▶ _Given information_
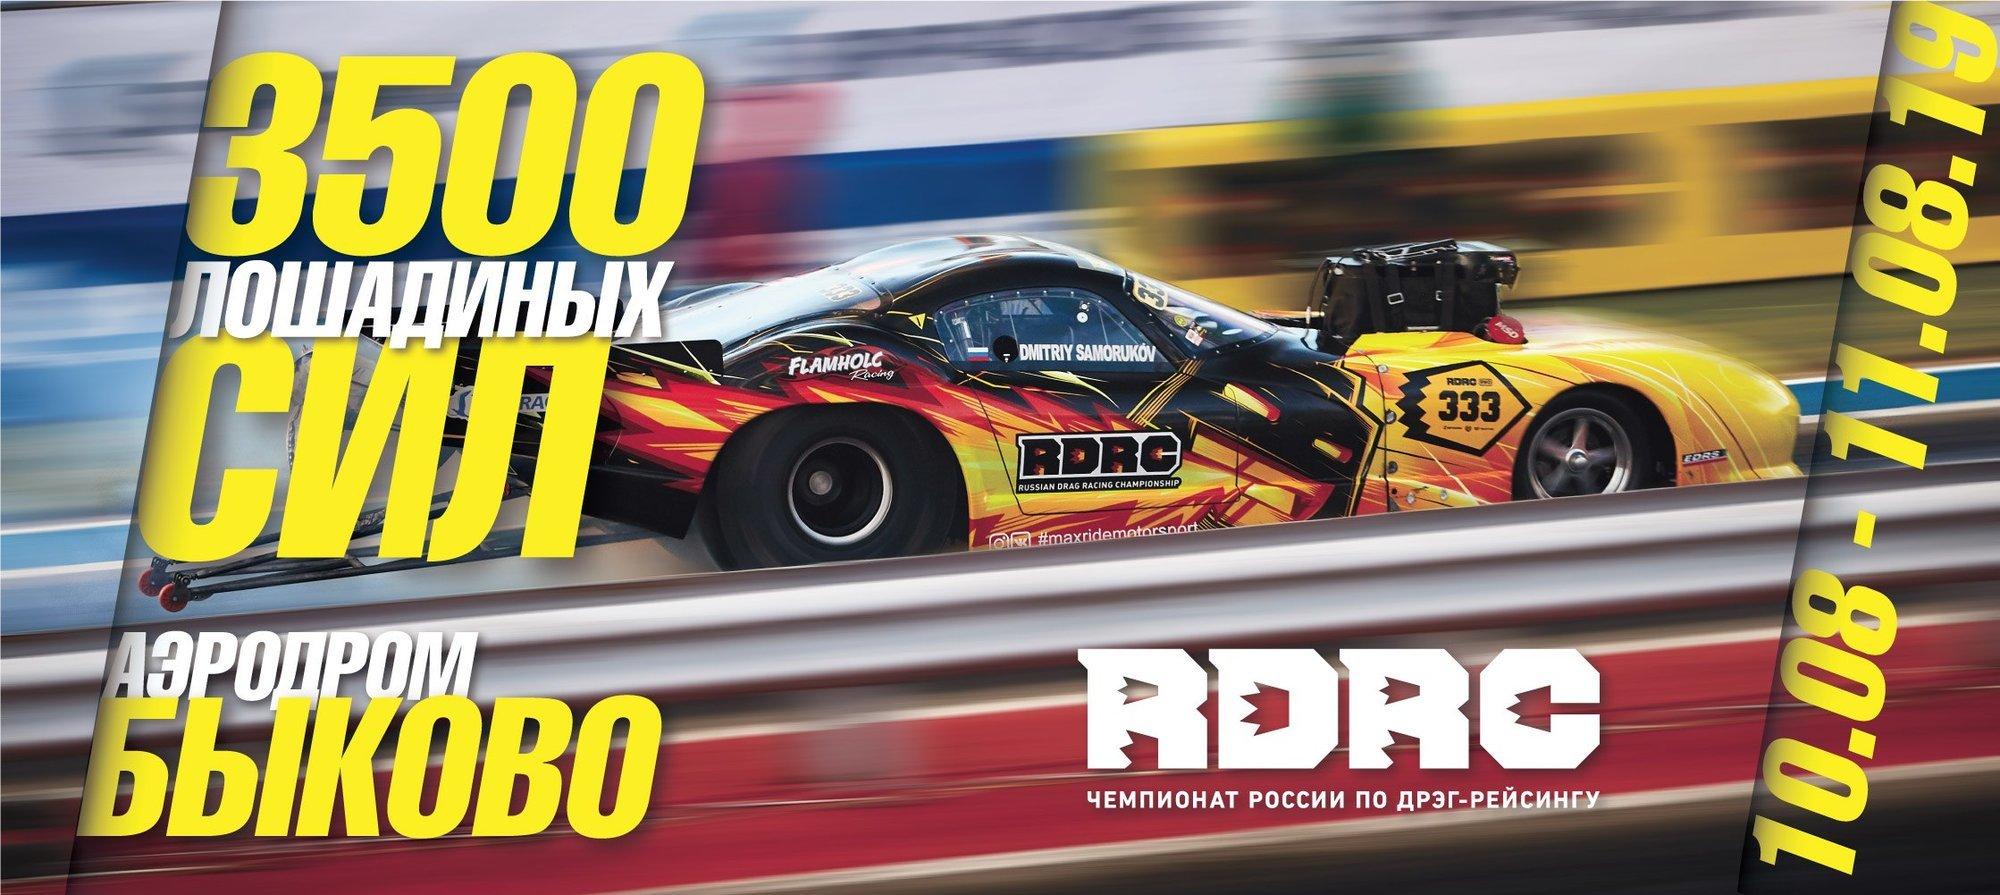 Аэродром «Быково» примет 3-й этап чемпионата России по дрэг-рэйсингу
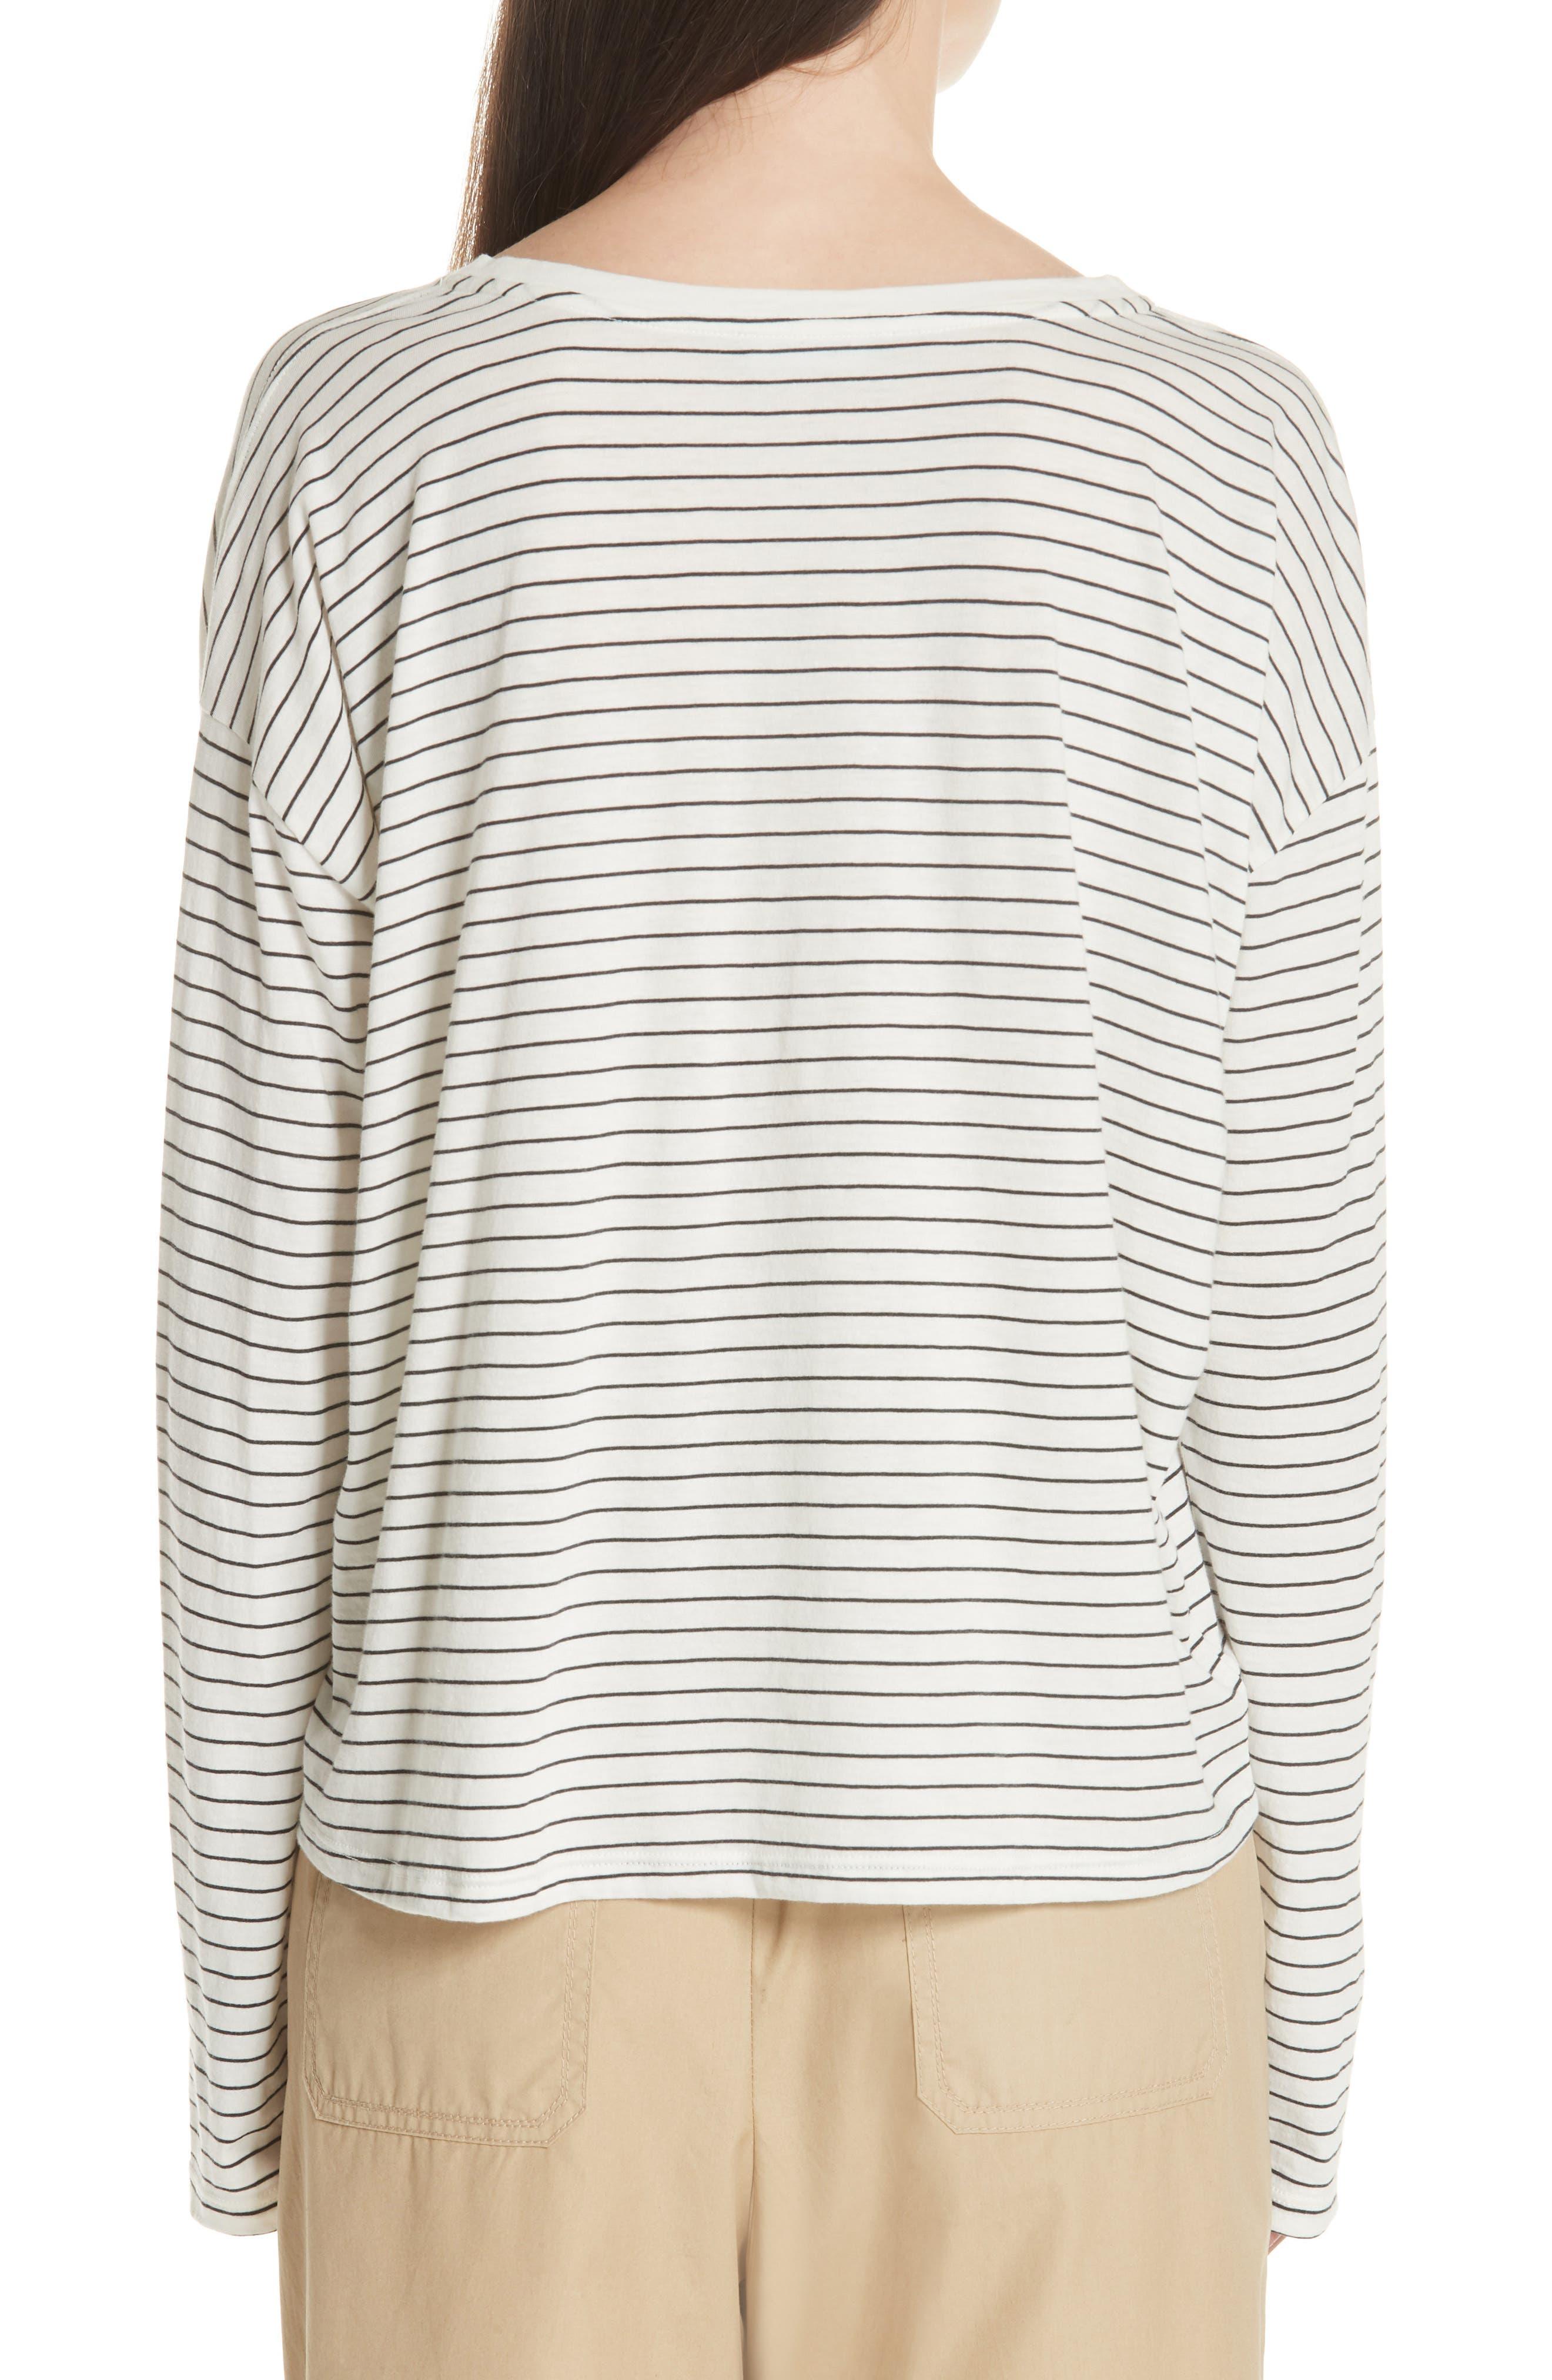 Pencil Stripe Pima Cotton Pullover Top,                             Alternate thumbnail 2, color,                             Vanilla/ Iron
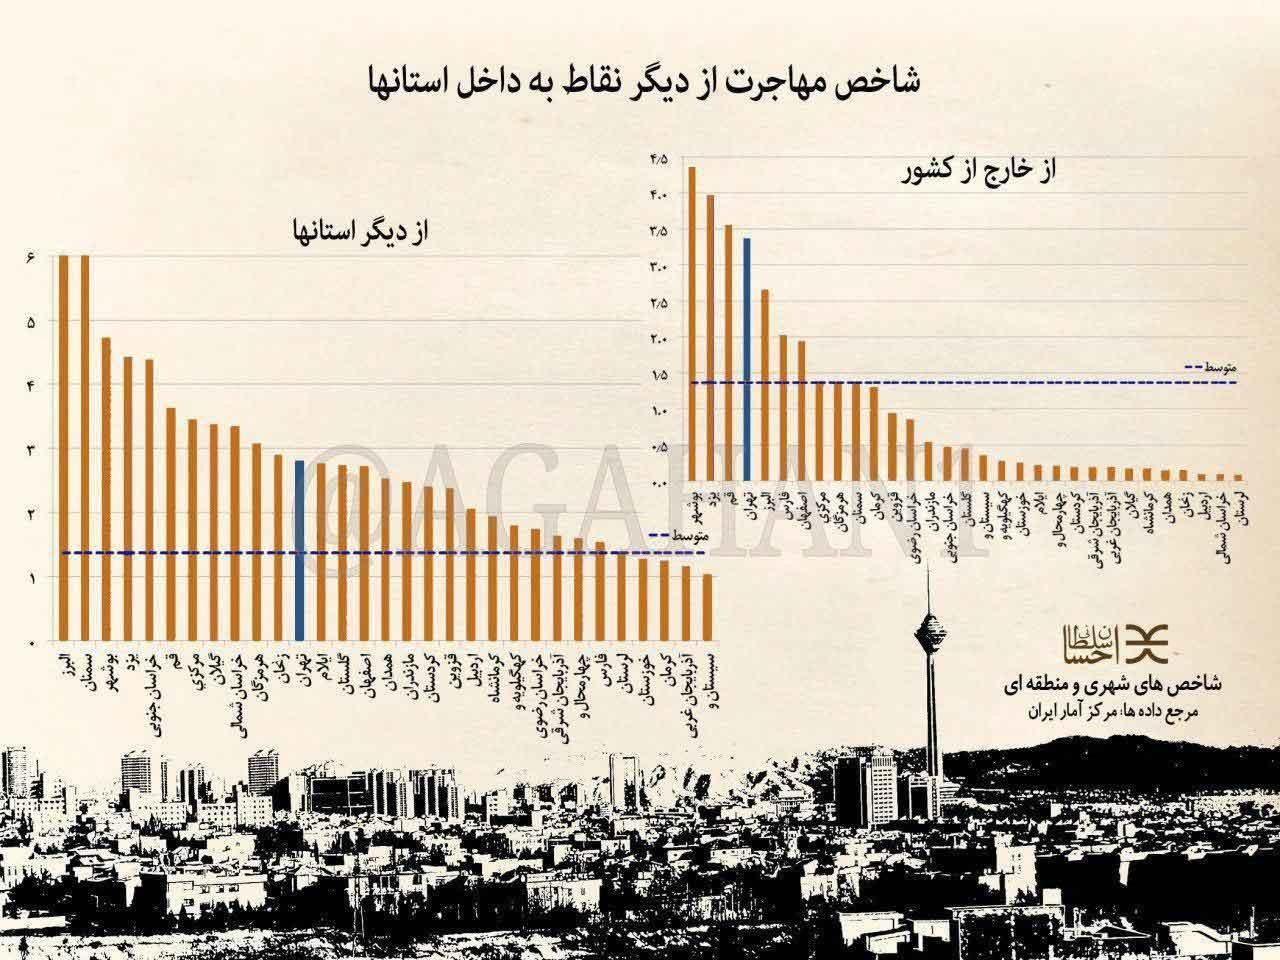 اینفوگرافیک   بوشهر در صدر مهاجر پذیرهای کشور

▶ _Problem to solve_
Repeat only the lines from the one holding "Pencil Stripe Pima" through the last line of the data, inclusive. Keep the pictures out.

▶ _Exercise output_
 Pencil Stripe Pima Cotton Pullover Top,                             Alternate thumbnail 2, color,                             Vanilla/ Iron
 اینفوگرافیک   بوشهر در صدر مهاجر پذیرهای کشور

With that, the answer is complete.